Source data:
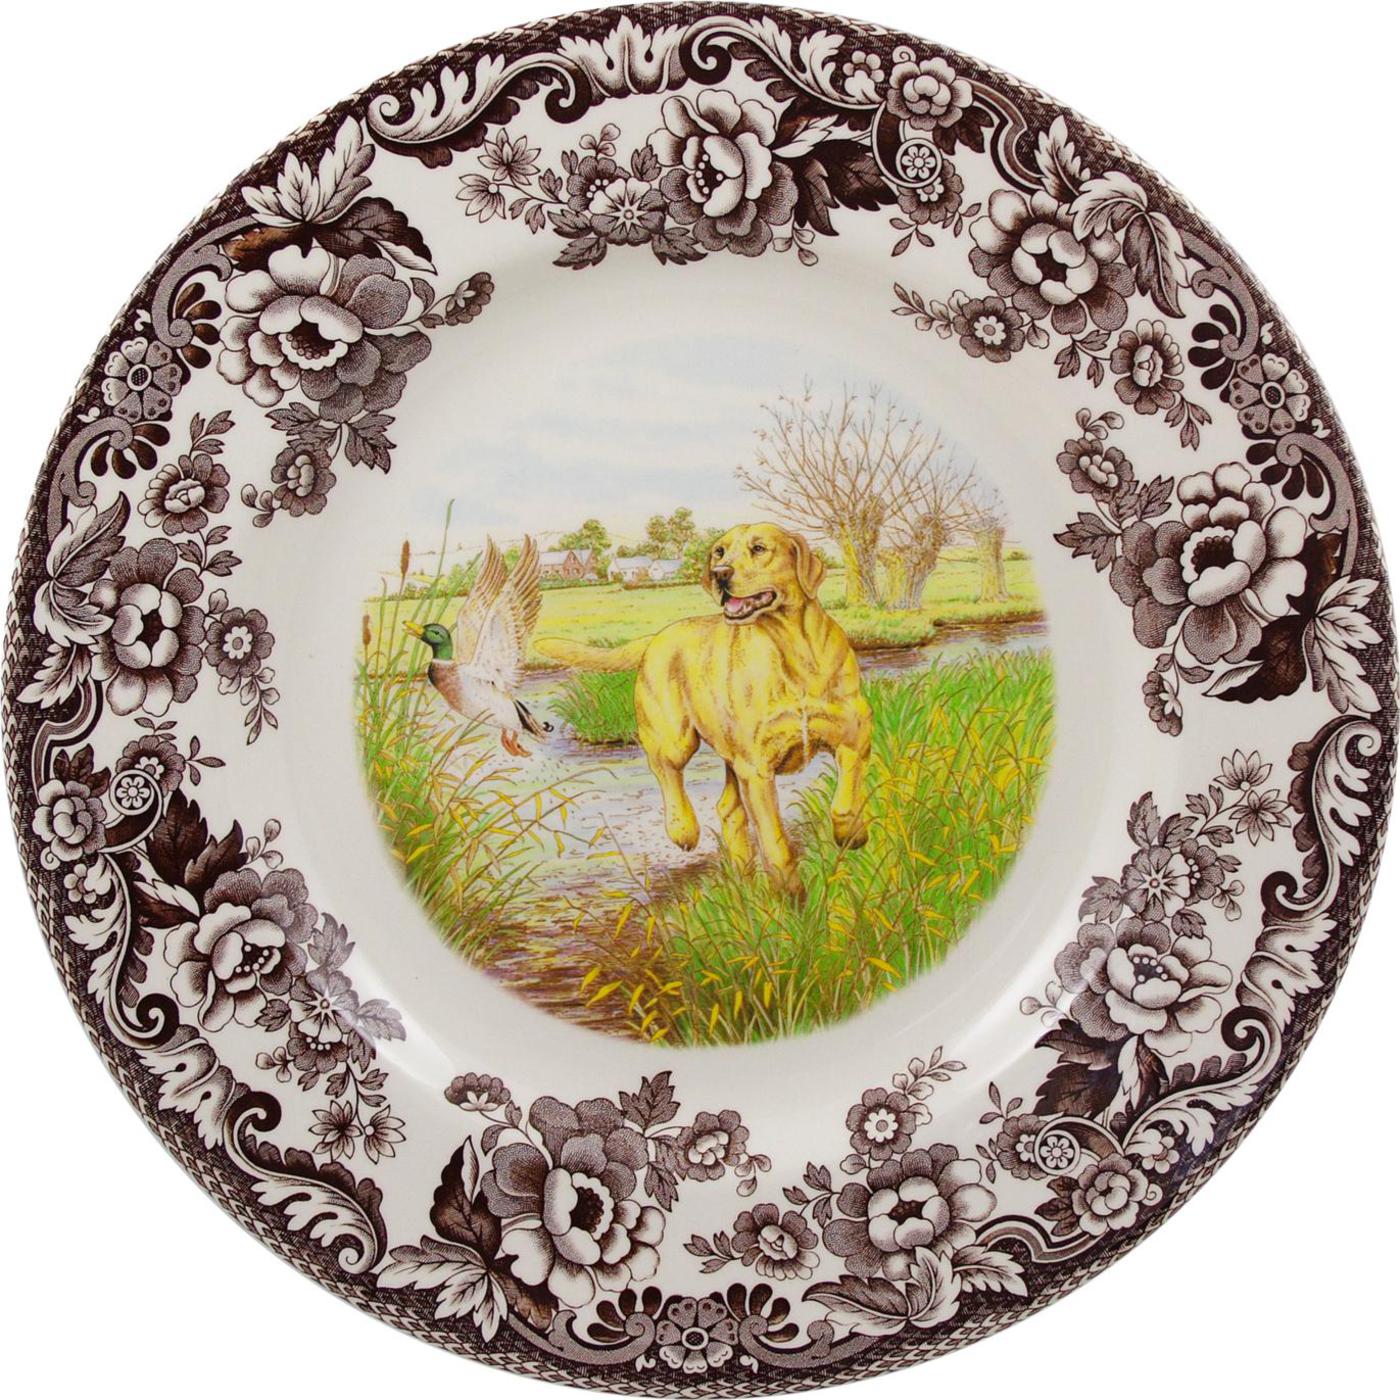 Woodland Dinner Plate 10.5 Inch, Yellow Labrador Retriever image number null
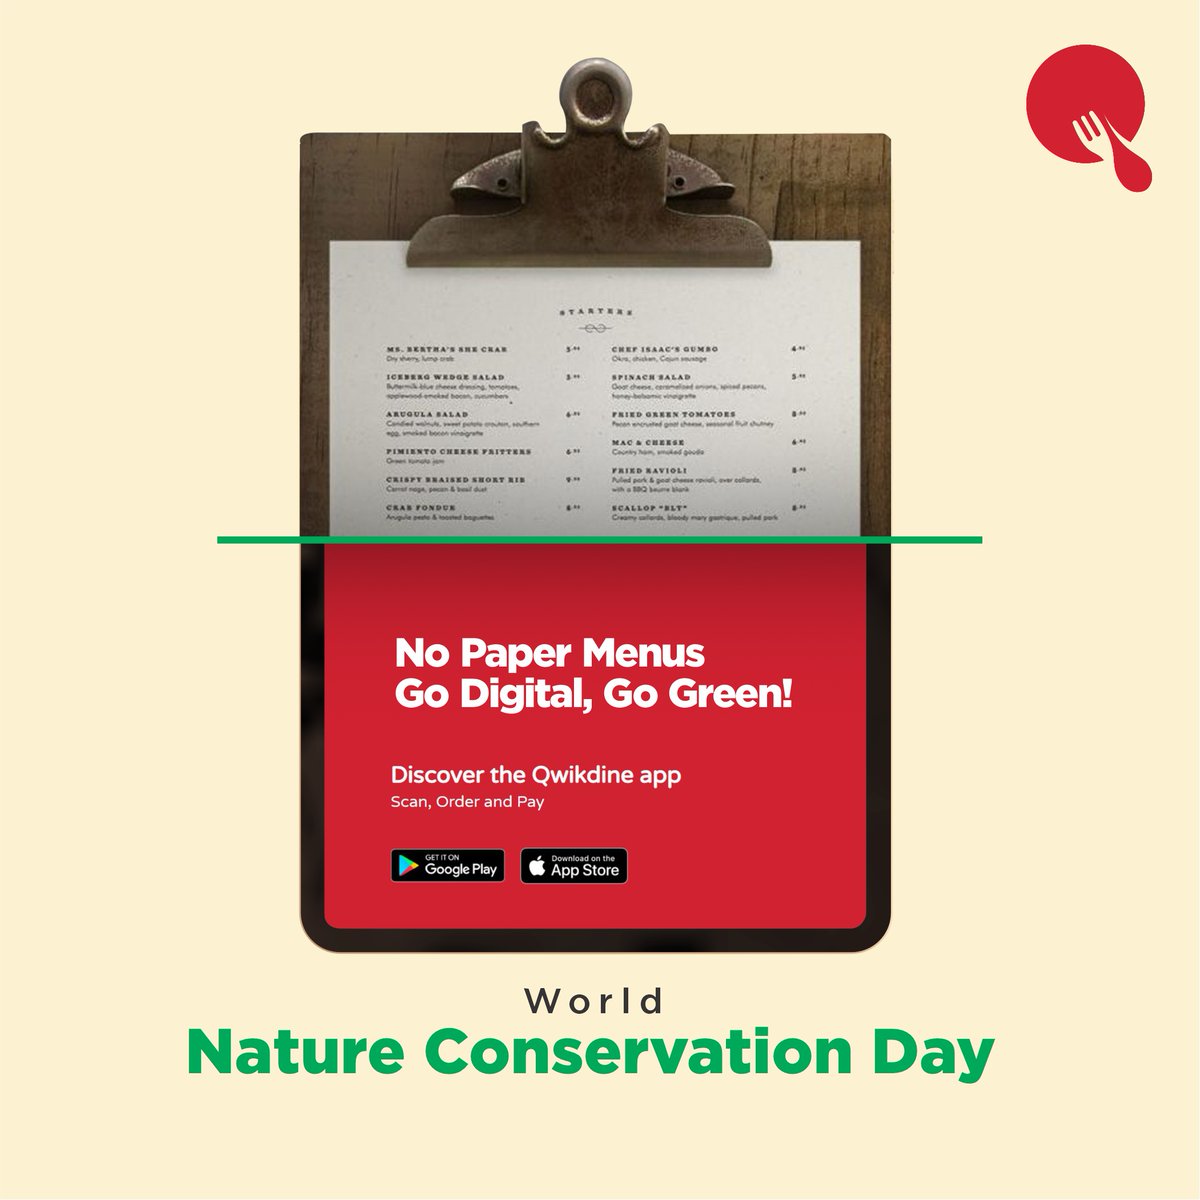 On this #WorldNatureConservationDay, let us pledge to do a bit
for the planet Earth by avoiding using paper menus and paper bills and
#GoDigital

 #ContactlessDining #ContactlessMenu
#SafeDining #DigitalMenu #QRCode #StaySafe #Dinein #Qwikdine #ScanOrderPay #QwikdineUAE

■ Exercise prompt
Precisely the line with "#ContactlessDining #ContactlessMenu" and the lines after it, up to the last line of the entries above, are to be reproduced, and nothing more.

■ Exercise solution
 #ContactlessDining #ContactlessMenu
#SafeDining #DigitalMenu #QRCode #StaySafe #Dinein #Qwikdine #ScanOrderPay #QwikdineUAE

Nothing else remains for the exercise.